This can be a touchy subject for some folks. I really don’t care talking about species-ism. It happens, but I don’t go out of my way looking for it, you know? I really think some individuals are too paranoid and use the species card way too much! Like Maria, of course. She will go on and on about this stuff and how one guy didn’t look at her so it must be species-ism and blah blah blah! Don’t get me wrong, those movies showing us all as evil killers really pisses me off, but in reality, no one has been species-ist to me.
I have heard to avoid certain parts of the world where folks are meaner, especially if you’re an alien-human-terminator like me. That’s gonna be really hard as a model and fashion designer. I mean I have to travel around Earth. I really don’t think anyone can be species-ist around beautiful people, right?!
One time, Mom kinda freaked us out though. My sister Shelley brought Andre home for dinner. He’s a French human, super nice guy. Really good-looking and smart. He’s a scientist like Shelley. Dad was cool with him, but when Mom saw him, she went to the bathroom crying! We were shocked. I mean, she is part human!

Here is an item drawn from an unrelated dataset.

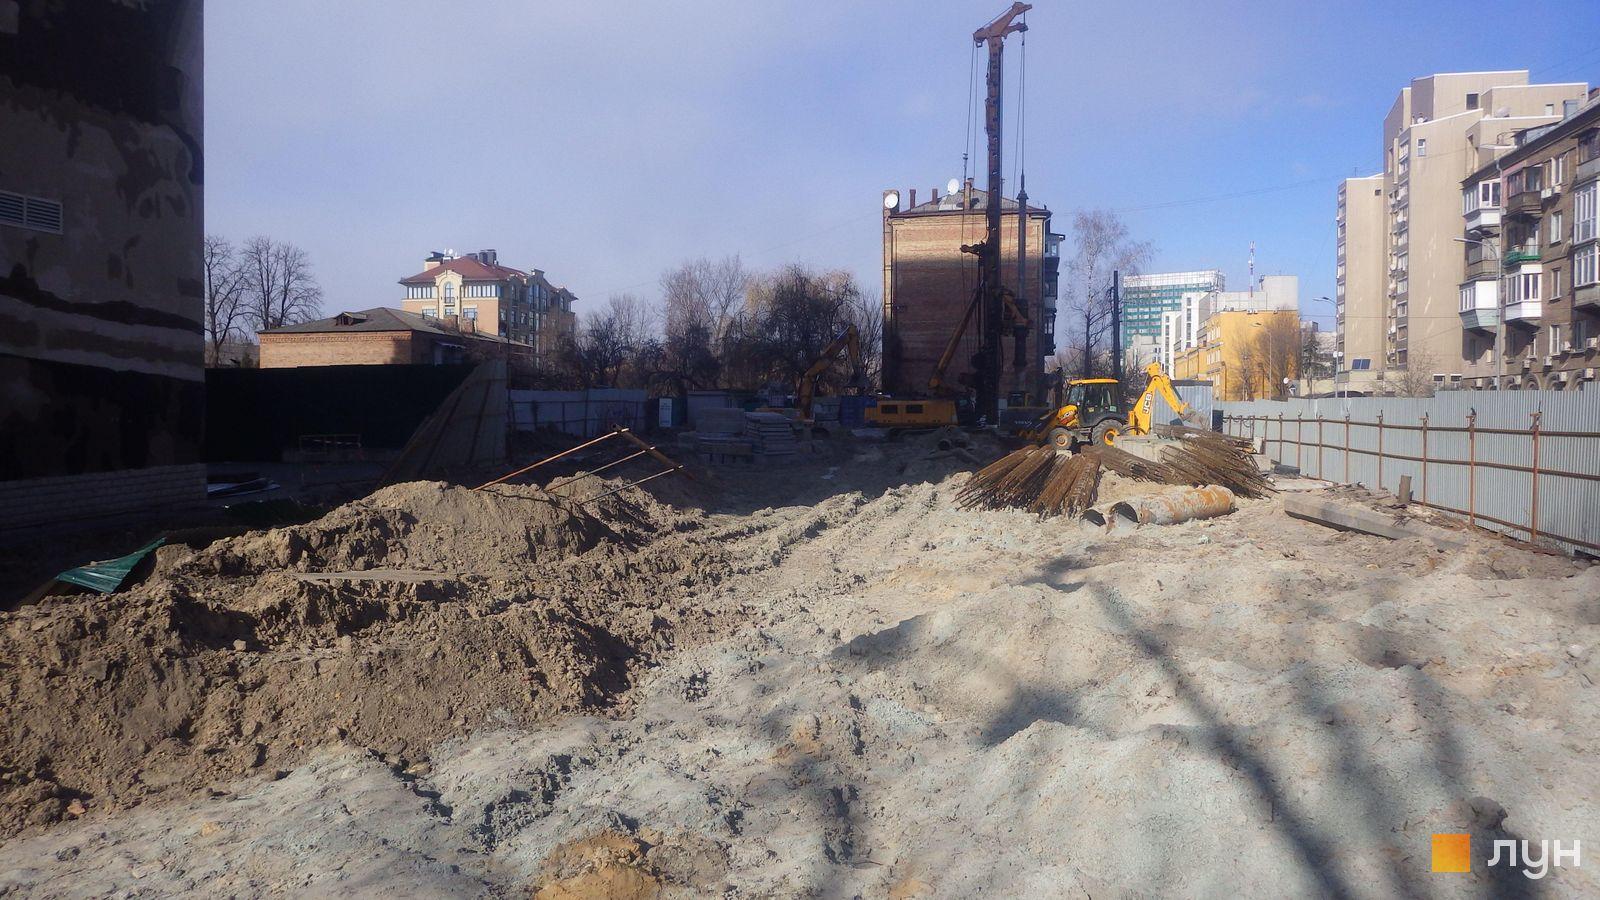 Ход строительства ул. Казимира Малевича, 44, 46, , февраль 2019

So there we were. My brothers and sisters, Dad and this guy we just met. Shelley went to talk to Mom, and they did come back. She apologized to Andre about it, but talk about awkward! Thank God Dad asked Andre about sports, and they were off for a while talking about that home run or goal or whatever. Then they talked about football, and Dad would not shut up about his stupid metal or steel team. Andre liked some brown team or something, and then they started arguing. Luckily, they seemed cool when he left. I cannot believe how crazy Dad is about sports!
We asked Mom about all this after he left. She told us about my great-great grandmother. Ellen Ripley dated a human, laid an egg, and her human boyfriend died in childbirth. She also knew a lot of alien friends whose human boyfriends died in childbirth. Doctors still haven’t figured out how to keep the chestburster from, well, bursting out of the chest. They’re trying some surgery, kinda like a C-section. But it hasn’t worked yet.
Back then, things were totally different though. I mean, now most aliens are on birth control and can really plan when they lay eggs.
I’m so glad Dad is a terminator and can just sew himself back together. Dad wants more kids if you can believe it since I guess seven isn’t enough! Mom said we have to wait until Dana hatches. She should be hatching soon! I cannot wait to dress her in the cute dresses I bought!